Surufatinib is marketed in China under the brand name Sulanda(R)
.
HUTCHMED's oncology commercial team today covers more than 2,500
hospitals across China. The team is led by a leadership team highly
experienced in oncology products commercialization in China with
deep knowhow in the field of NETs.
This NMPA approval was supported by the SANET-p study, a Phase
III pivotal study (clinicaltrials.gov identifier: NCT02589821) in
patients with advanced pancreatic NETs conducted in China. The
study met the pre-defined primary endpoint of progression-free
survival ("PFS") at a preplanned interim analysis and was stopped
early. The positive results of this trial were highlighted in an
oral presentation at the 2020 ESMO Congress and published in The
Lancet Oncology ([1]) in September 2020. Median PFS was 10.9 months
for patients treated with surufatinib, as compared to 3.7 months
for patients in the placebo group (hazard ratio ["HR"] 0.491; 95%
confidence interval ["CI"] 0.391-0.755; p =0.0011). Benefit was
observed across most major subgroups of pNET patients. The safety
profile of surufatinib was manageable and consistent with
observations in prior studies. Treatment was well tolerated for
most patients, with discontinuation rates as a result of treatment
emergent adverse events of 10.6% in the surufatinib group as
compared to 6.8% in the placebo group.
In China, there were an estimated 71,300 newly diagnosed NET
patients in 2020. Considering the current incidence to prevalence
ratio, there may be as many as 300,000 patients living with the
disease. [2]
About NETs
NETs form in cells that interact with the nervous system or in
glands that produce hormones. They can originate in various parts
of the body, most often in the gut or the lungs and can be benign
or malignant. NETs are typically classified as pNET or epNET.

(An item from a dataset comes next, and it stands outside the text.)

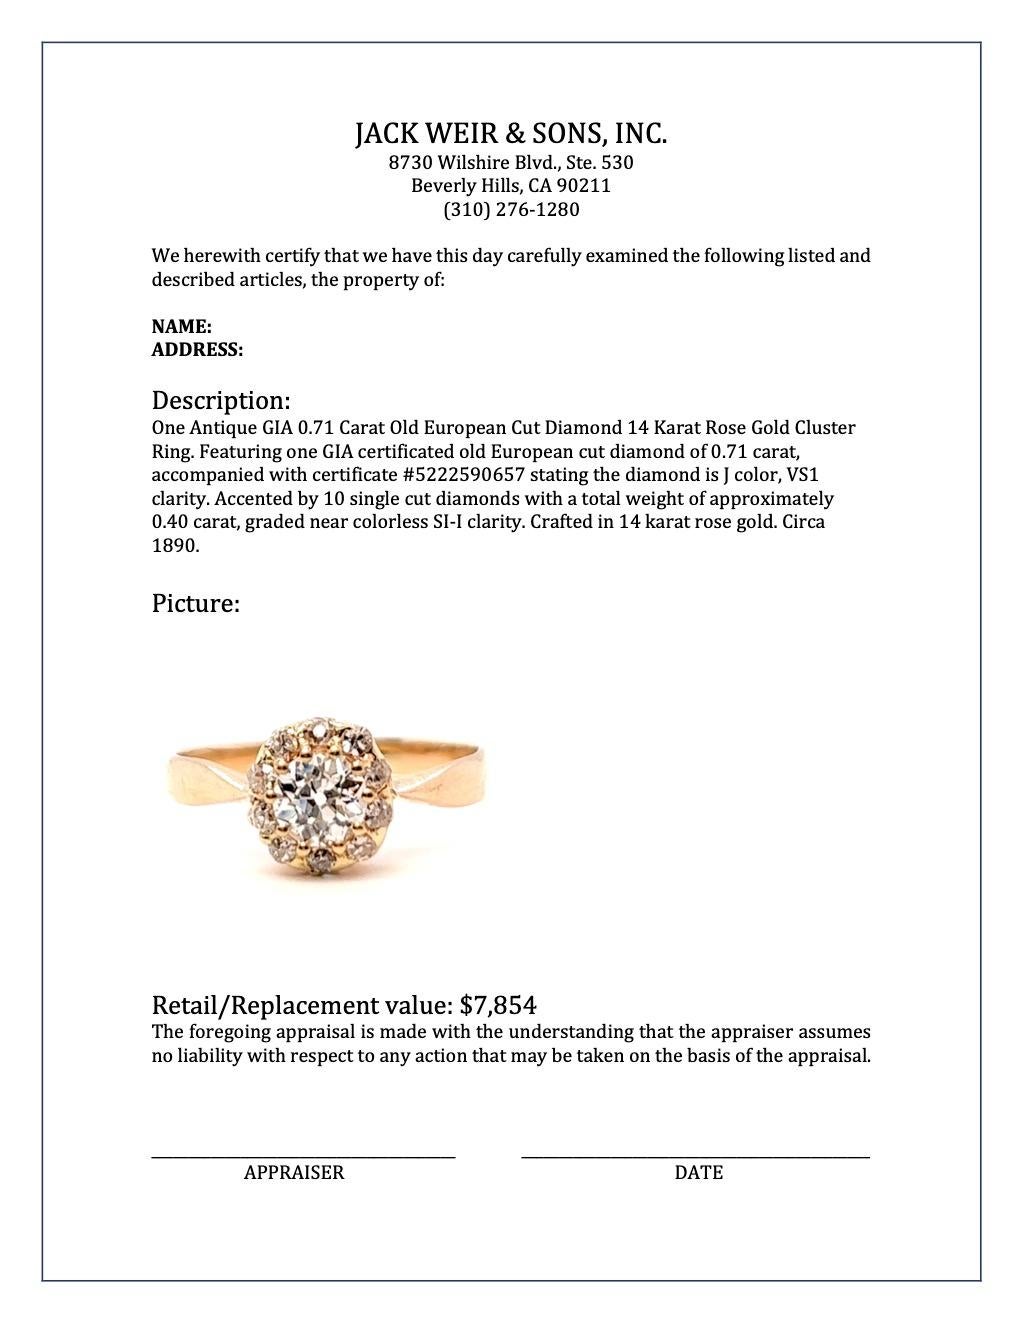 Antique GIA 0.71 Carat Old European Cut Diamond 14 Karat Rose Gold Cluster Ring For Sale 2

Approved targeted therapies include Sutent(R) (for pNET only) and
Afinitor(R) for pNET and well-differentiated, non-functional
gastrointestinal or lung NET.
According to Frost and Sullivan, there were 19,700 newly
diagnosed cases of NETs in the U.S. in 2020. Importantly, NETs are
associated with a relatively long duration of survival compared to
other tumors.
About Surufatinib (Sulanda(R) in China)
Surufatinib is a novel, oral angio-immuno kinase inhibitor that
selectively inhibits the tyrosine kinase activity associated with
vascular endothelial growth factor receptor (VEGFR) and fibroblast
growth factor receptor (FGFR), which both inhibit angiogenesis, and
colony stimulating factor-1 receptor (CSF-1R), which regulates
tumor-associated macrophages, promoting the body's immune response
against tumor cells. Its unique dual mechanism of action may be
very suitable for possible combinations with other immunotherapies,
where there may be synergistic anti-tumor effects.
HUTCHMED currently retains all rights to surufatinib
worldwide.
About Other Surufatinib Development
NETs in the U.S. and Europe: In the U.S., surufatinib was
granted Fast Track Designations for development in pNET and epNET
in April 2020, and Orphan Drug Designation for pNET in November
2019. A U.S. FDA NDA was submitted on April 30, 2021 , and a MAA
submission to the European Medicines Agency (EMA) is planned. The
basis to support these filings includes the completed SANET-ep and
SANET-p studies, along with existing data from surufatinib in U.S.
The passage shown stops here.